Sunday, December 13, 2009

Making Things, take 2

Making Things, take 2

I learned a lot in the course of getting ready for the fiber show in November.

For one thing, why handmade articles generally cost so much: R&D, or rather in my case, trial and error. I blithely thought that I would retool felted sweaters into all sorts of attractive articles. Wrong. I made several pairs of mittens from recycled sweaters that worked out, and a scarf that I have deep doubts about. But I froze (sensibly, I think) when it came to slashing sweaters and recreating jackets. I didn’t want to wreck them.

Christmas is almost upon us, and my zeal for hand-makery is redoubled. I am making hand-warmers filled with porcelain pie weights that you microwave and keep in pockets against the cold. I am making cookies, pistachio brittle and chutneys for giving. Such is my Yuletide optimism that I am even knitting socks.

My sock history is a sad one. My first pair, I made for myself and wore white-water rafting. They were wool, and even wet were fairly warm, but after immersion drooped so around my ankles that people regarded me pityingly and asked if I had made them myself.

The second pair, I made for my younger son, the only family member who was gracious about the first pair. The instep seemed so enormous that I chickened out halfway along the foot, so that although plenty wide, they looked like they’d fit only a bound foot. I thought they’d stretch.

The third pair I made, or rather started, for my dear husband, who didn’t want loud colors that would excite and motivate the knitter. He wanted something he could wear. I dragged through the first sock, a morbid self-striping back and gray, despairing of ever getting it done. I finally finished it on the ferry from Boston to Provincetown, and was so encouraged that I started the second, and positively whipped through it. BUT: I couldn’t find the first sock. Did it go overboard? Had I stashed it in some uber-clever place? I looked everywhere, several times. Nothing. Finally I was so disgusted, I unraveled it and gave the wool to our local thrift store, vowing never to have my heart broken by socks again. Then, eight months later, I found where I’d stashed the first. I saved it for a pet Christmas stocking, figuring the pets are color-blind anyway.

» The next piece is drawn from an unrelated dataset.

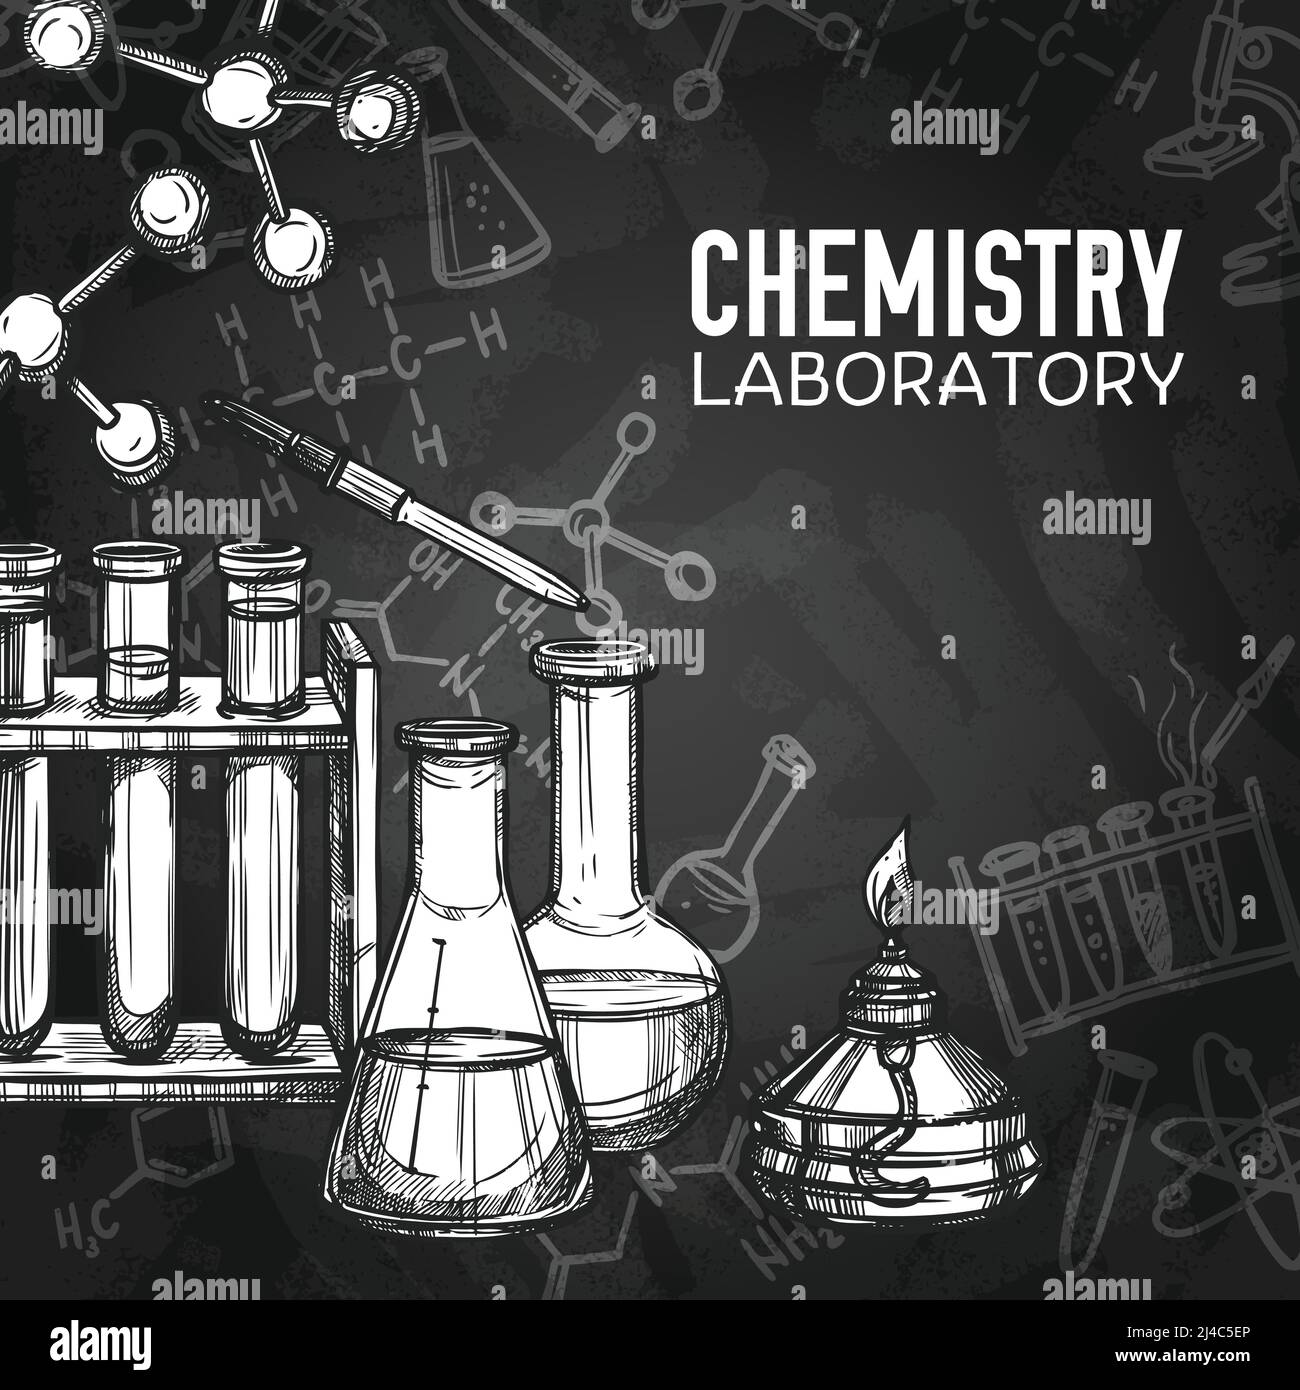 Monochrome chalk draw style sketch of chemistry laboratory equipments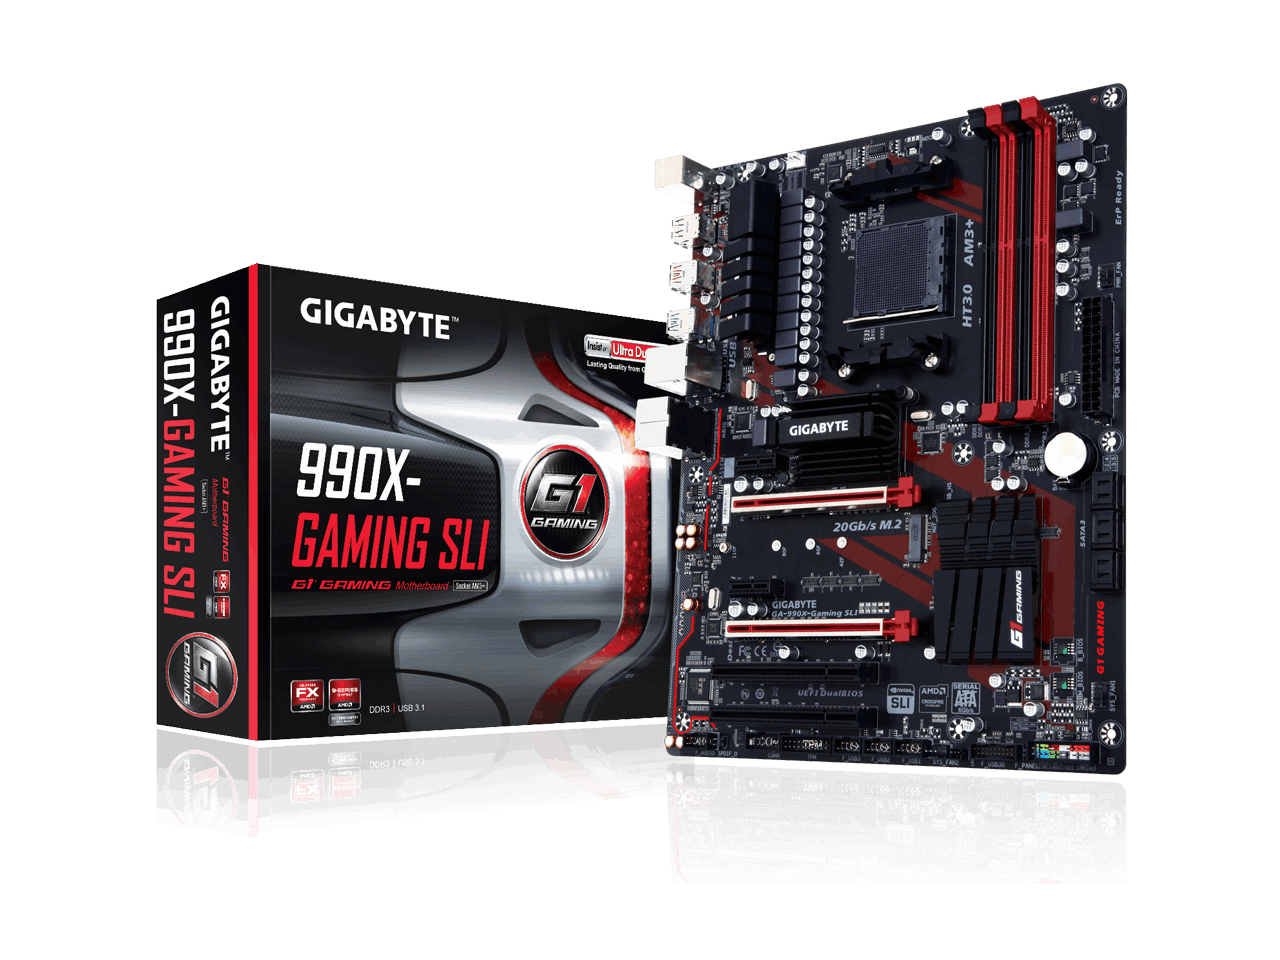 Gigabyte 990fx. Fx990 am3+. Gigabyte ga AMD. Материнская плата Gigabyte ga-990fx-Gaming.

When a young friend came to stay, wearing sandals, in November, with no socks, my resolve melted. I raced out and bought very exciting red self-striping wool and pipette-sized needles to embark on my fourth pair of socks. I am a third of the way through the first one, knitting in markers so I can tell when I’ve done my requisite 2”. I am trying to get into a Zen knitting space. Failing that, I engage family members in long conversations, which do not require lots of eye contact. There is even a book on tape in the wings.

The thing is, I make things out of curiosity. I want to find out how the thing will look, how the colors will play against each other, how the thing will feel, or in the kitchen, taste. Call it arrogance, but with socks, I pretty much know the answers to all these questions. With socks, for me, there are no happy surprises, just drooping, misshapen, oddball articles I can only give away because people are so nice around Christmas.

To what do we attribute this (as the wag said of second marriages) triumph of hope over experience?

Maybe the spirit of Christmas itself. This time, I’ll get it right. Haven’t I learned the hard way about gauge? This time, the socks will work. The recipient will be glad and warm, to say nothing of stylish, even trend-setting.

Or maybe we’ll just have to settle for glad and warm.